Brilliant, scary ride to a vague destination
CREEPY, creepy, creepy. Writerdirector Ari Aster makes an unnerving debut with Hereditary, a meticulously-crafted horror thriller starring Toni Collette.
As Annie, the harried, confused artist at the centre of this domestic dystopia,
Collette delivers the most all-in performance of her recent career.
Benefiting from equally assured turns from Gabriel Byrne as Annie’s impassive husband, Steve, and young actors Alex
Wolff and Milly Shapiro as their kids, Peter and Charlie, Hereditary elaborates on the familiar theme of haunted houses and cursed families with precision and imagination – at least until its chaotic endgame. At that point, the allusions Aster has built up disintegrate into graphic gore and on-the-nose literalism.
Hereditary begins with the funeral of Annie’s mother, described in her daughter’s eulogy as one prone to “secret rituals” and emotional withholding.

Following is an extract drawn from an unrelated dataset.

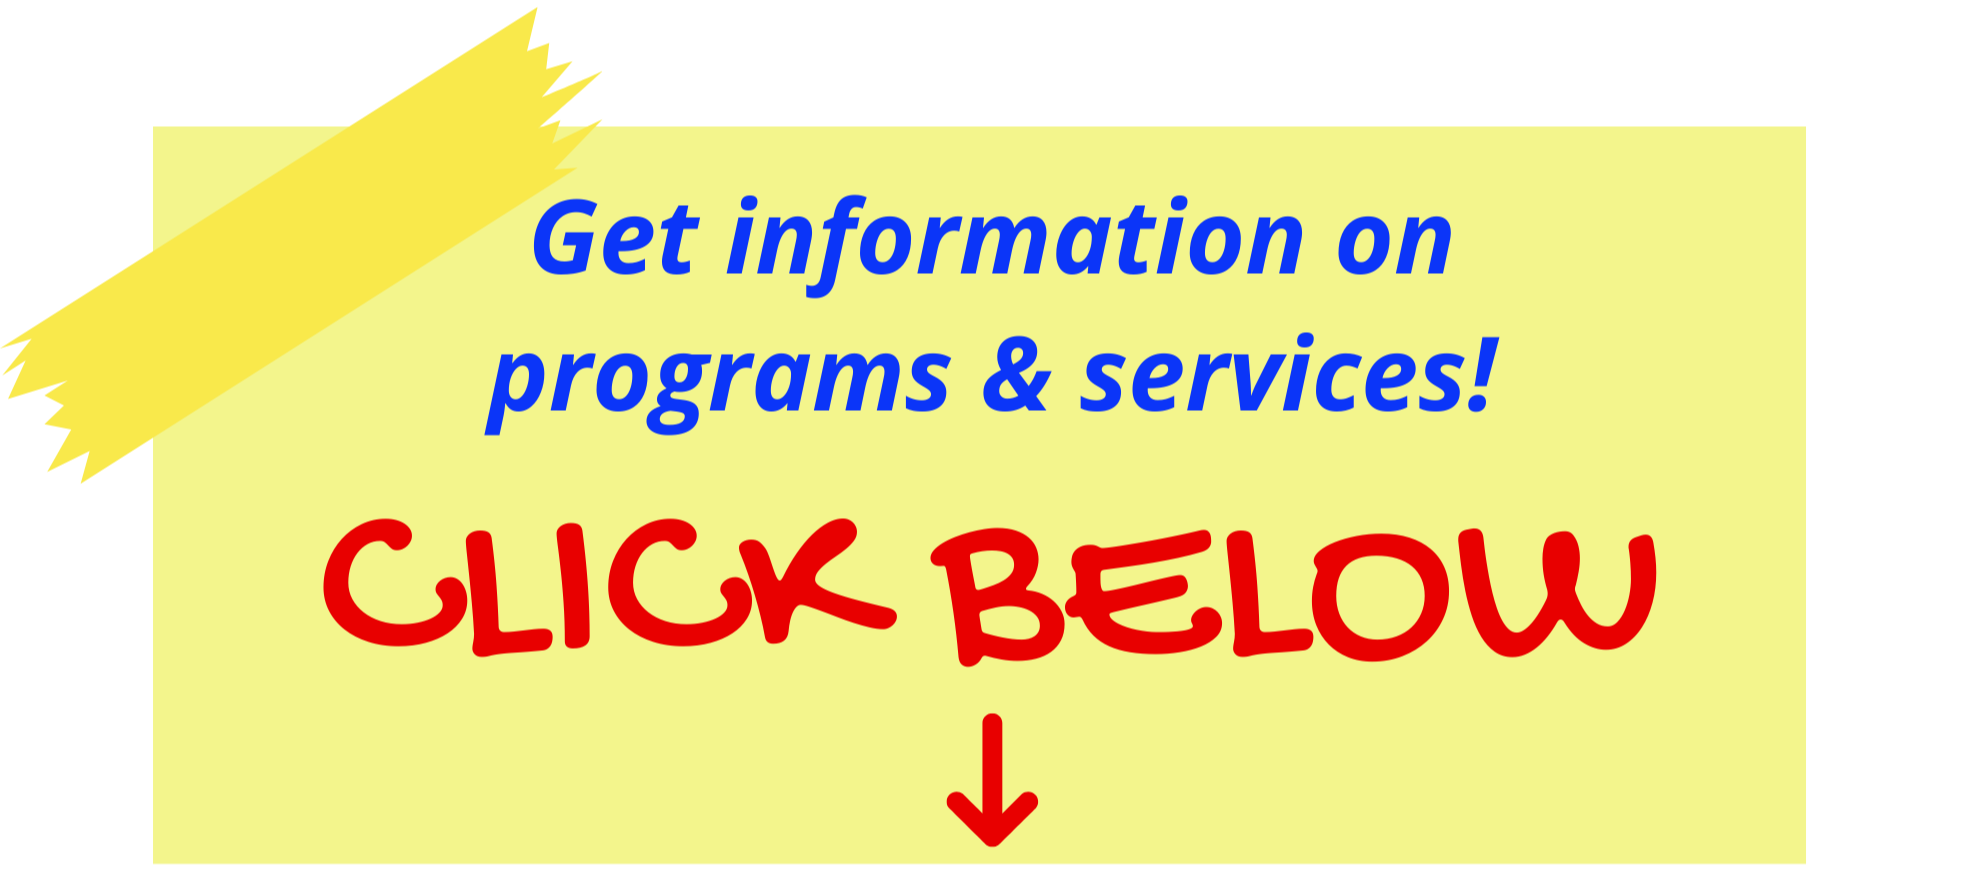 Get information on programs & services, CLICK BELOW, Arrow

Upon returning to their gorgeous home, Annie, Steve and their children disperse and atomise, with Annie retreating to her studio to work on her dollhouse-like art installations.

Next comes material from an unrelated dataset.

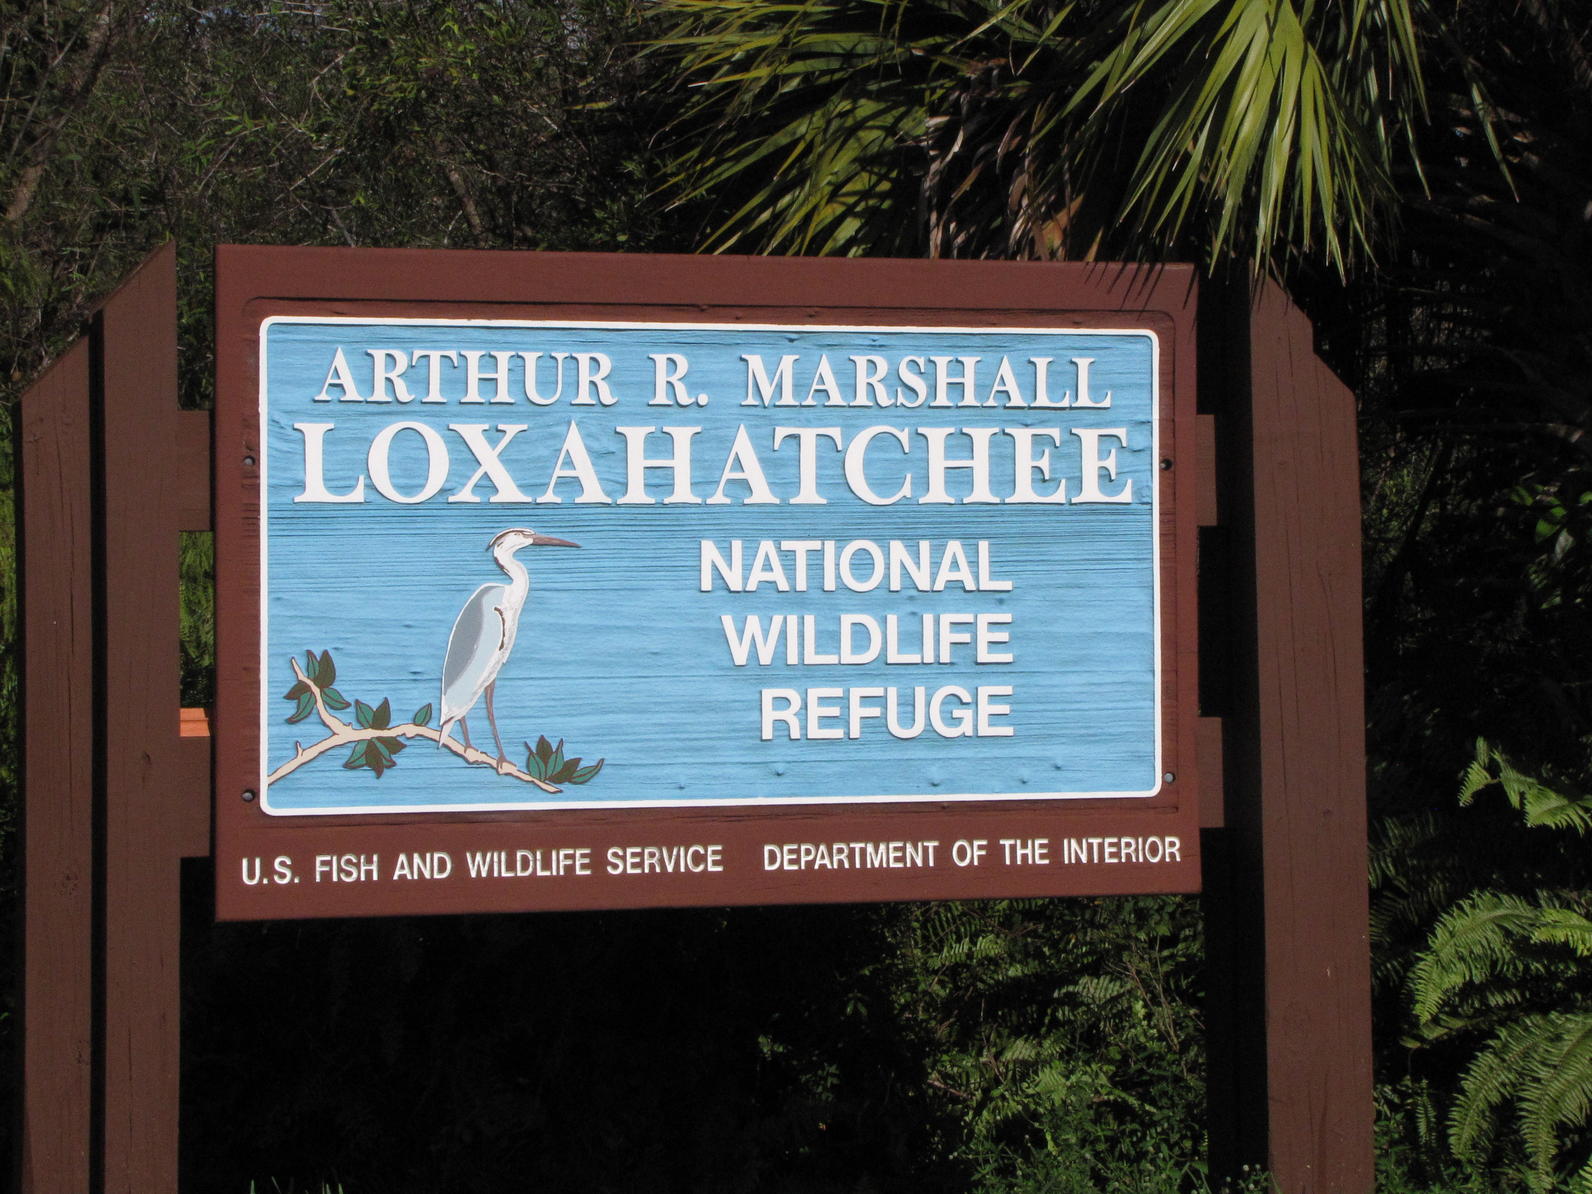 Arthur R. Marshall loxahatchee national wildlife refuge

Those miniaturised versions of her life are Annie’s way of processing grief, ambivalence and profound losses she can’t name.
Despite her family’s obvious prosperity, all is not well. Charlie, who is given to making disturbing sculptures, seems to have withdrawn into her own world. Meanwhile, Peter focuses on getting stoned in his bedroom.

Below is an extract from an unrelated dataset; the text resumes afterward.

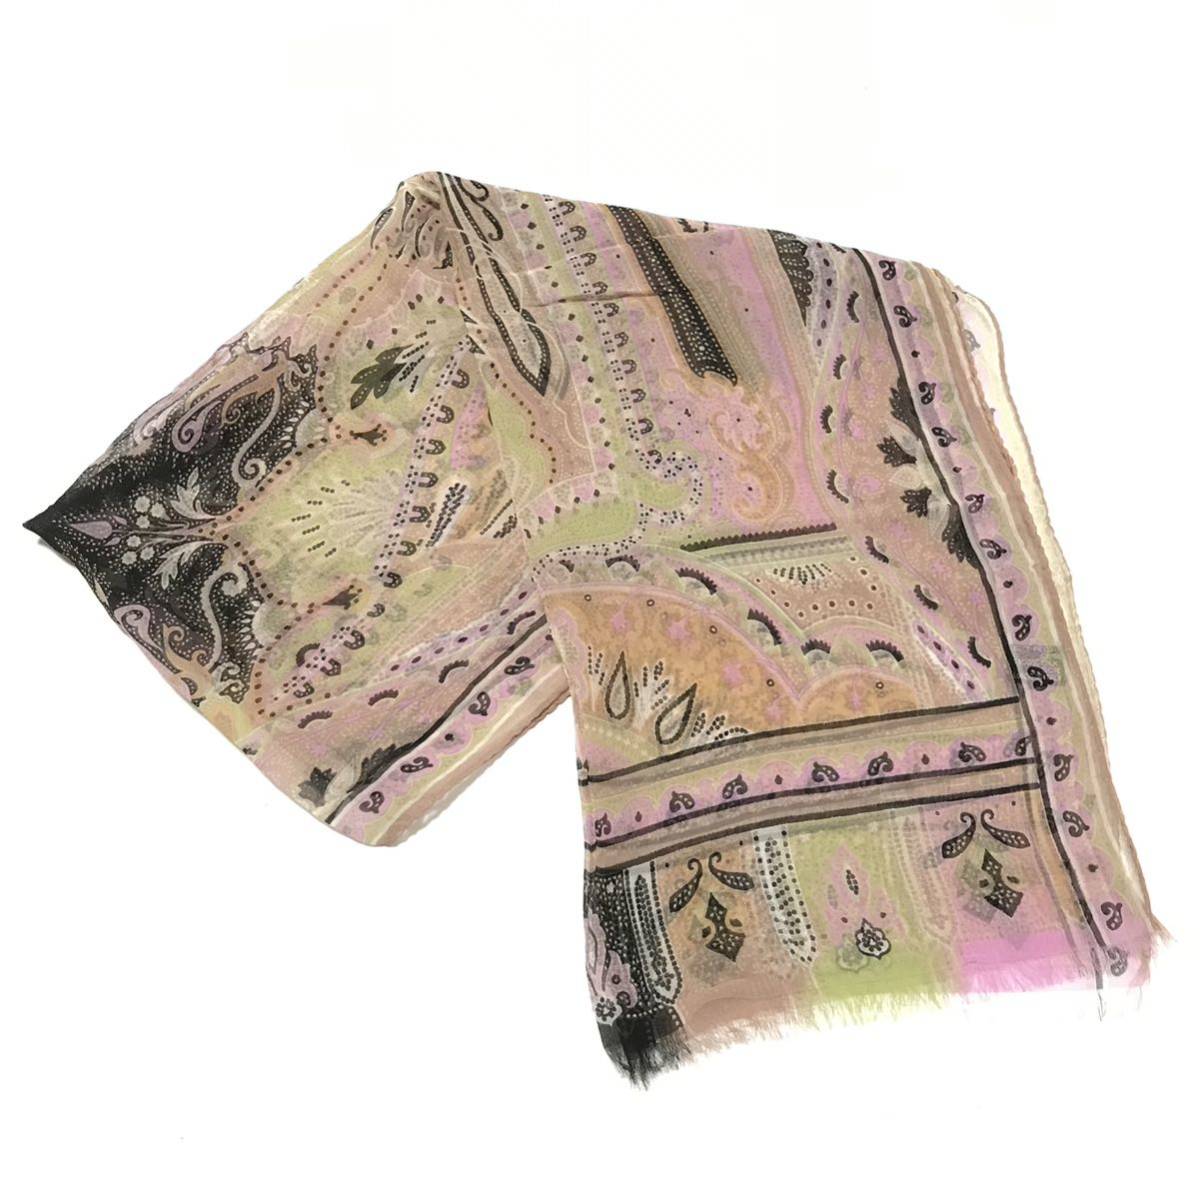 [ Etro ] genuine article ETRO stole peiz Lee pattern total length 132cm width 41cm silk 100% muffler shawl men's lady's Italy made postage 370 jpy

Hereditary is punctuated midway through by an event that is shocking, both in and of itself and also in its aftermath.
But even as the core story goes crazily off the rails, Aster evinces a fine eye for detail, his carefully constructed environments echoing Annie’s own tableaus.
Although the film is most notably a showcase for Collette, who calibrates Annie’s unease and rising hysteria with the steady accuracy of a surgeon, Wolff and Shapiro deserve praise for depictions of adolescent angst that feel both lived-in and otherworldly.
The movie draws immediate comparisons to the everyday surrealism and psychological dread of Roman Polanski and David Lynch, while forging its own weird aesthetic path.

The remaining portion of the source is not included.